古代ギリシアの博物学者テオフラストスは、この毒草について、著書「植物誌」の中で、「根は形と色がクルマエビのようで、その中に人命を奪う力がある。数ヶ月、半年、1年、あるいはそれ以上でも、定められた期間内に生命を奪うよう調整できる」と記している。ほかにも、古代ローマの医師ディオスコリデスは、著書「薬物誌」の中で「狼を捕まえるのに、生肉にトリカブト(鳥兜)を包んだものを用意した」という事例を紹介している。

ギリシア神話によれば、トリカブト(鳥兜)は地獄の門を守る3ツ首の魔犬ケルベロスの涎から生まれたとされている。この犬は、かって英雄ヘラクレスによって、地獄からいったん太陽の下へ引き出され、苦悶のあまり涎を垂らすのだが、その涎の跡からトリカブト(鳥兜)が生えてきた、といわれている。

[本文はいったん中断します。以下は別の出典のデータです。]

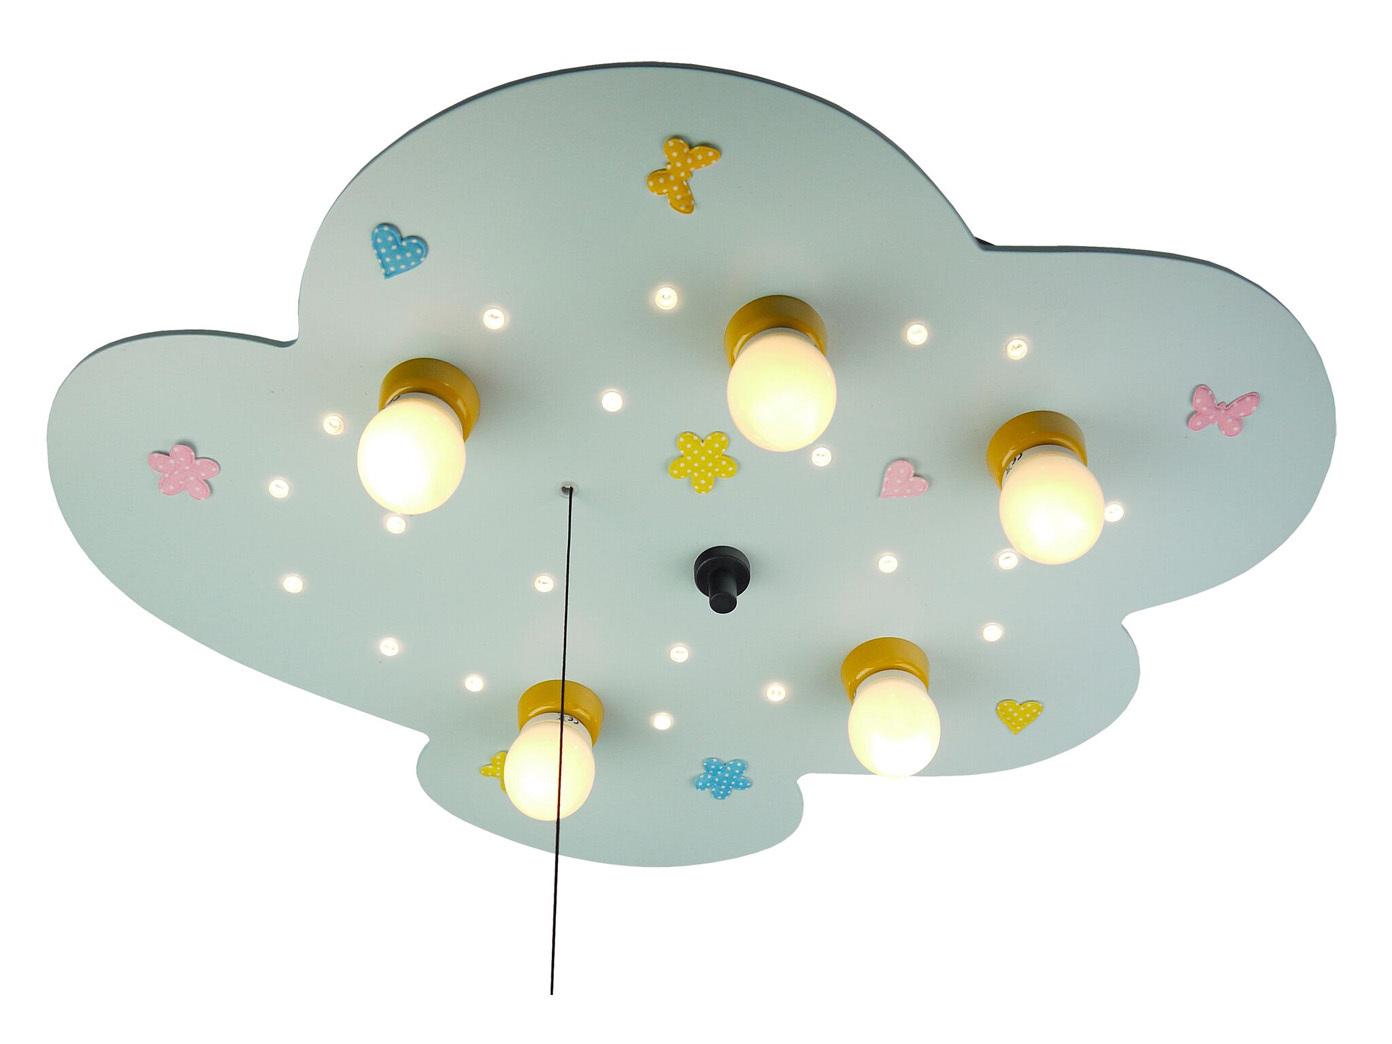 deckenlampe f r kinderzimmer wolke amazon echo kompatibel led schlummerlicht neu 4036239027613. Black Bedroom Furniture Sets. Home Design Ideas

また、別の話では、魔女メディアが同棲相手だったアイゲウスの息子テーセウスを、トリカブト(鳥兜)この草で毒殺しようとして、未遂に終わったというエピソードがある。

画像日本では、トリカブト(鳥兜)は和名を「附子(ぶす、ぶし)」「烏頭」「天雄」といわれ、古くから矢に塗る毒の1ツとして使用されていたことが分かっている。

「古事記」や「日本書紀」には、神武天皇の兄の五瀬命や日本武尊が、この毒にやられたことが記されている。また仲哀天皇(日本武尊の息子、神功皇后の夫)や東北の豪族・安倍頼時なども、トリカブト矢の餌食になっている。平安時代の「吾妻鏡」には、伊貝八郎入道という人物が、何者かにトリカブト(鳥兜)の毒を塗られた矢を射掛けられ、急死したという話が残っている。

「一休のとんち話」には、和尚さんが貰った砂糖を舐められないために、砂糖の入った容れ物に「舐めると死ぬ毒」という意味で「附子」というラベルを貼ったという話が出てくる。ただ、その工夫も空しく、「大事な壺を割ってしまったお詫びに死のうとした」一休たちに、その砂糖は全部舐められてしまうのだが。

ちなみに、「附子」を使用すると、呼吸困難などの他に、顔面がこわばるなどの作用が出る場合がある。そのため、後世に、こわばったようなおかしな顔の持ち主を「附子」と呼ぶようになり、やがて不細工な女性のことを「ブス」と表現するようになった……という話である。尚、この言葉は、本来男女双方のことを指す言葉であったはずだが、近世から女性にのみ使用されるようになる。理由は不明である。

画像アイヌ民族もトリカブト(鳥兜)を使う習慣を持っており、狩猟の際には、矢を鹿の足骨で作り、鏃にトリカブト(鳥兜)を煮詰めて作った毒を塗り込んだと記録には残っている。ちなみに、現在の静岡県東部はかつて「駿河」と呼ばれていたが、これはアイヌ語でトリカブト(鳥兜)を表す「スルク」が語源であるともいわれている。かって富士山麓には、厖大な量のトリカブト(鳥兜)が自生していたそうである。

古代ローマでは、しばしばトリカブト(鳥兜)は「継母の毒」と呼ばれた。これは夫の連れ子を殺すのに、この毒がしばしば使用されたことに由来するものである。余りに多くの人々が毒殺されたので、ローマ皇帝はしばしばトリカブト(鳥兜)の栽培禁止令などを発することもあったようである。

作家チェーホフが集めた詩の中には、流刑囚がトリカブト(鳥兜)のことを歌ったものがある。
「誇り高げに生いし草 その葉は青く 美しく 医学に知らるるトリカブト この毒草の地下の根は
神の手ずから植えしもの 人を惑わすこと多く 墓場にまでも導きて 黄泉の臥床に送り込む」(チェーホフ 「シベリアの旅 サハリン島」 神西清訳)

サハリン(樺太)に送り込まれた重罪人の中には、絶望のあまりトリカブト(鳥兜)をあおって死ぬ者も少なくなかったそうである。

花言葉は美しい輝き、厭世家、人嫌い、復讐、騎士道、栄光などである。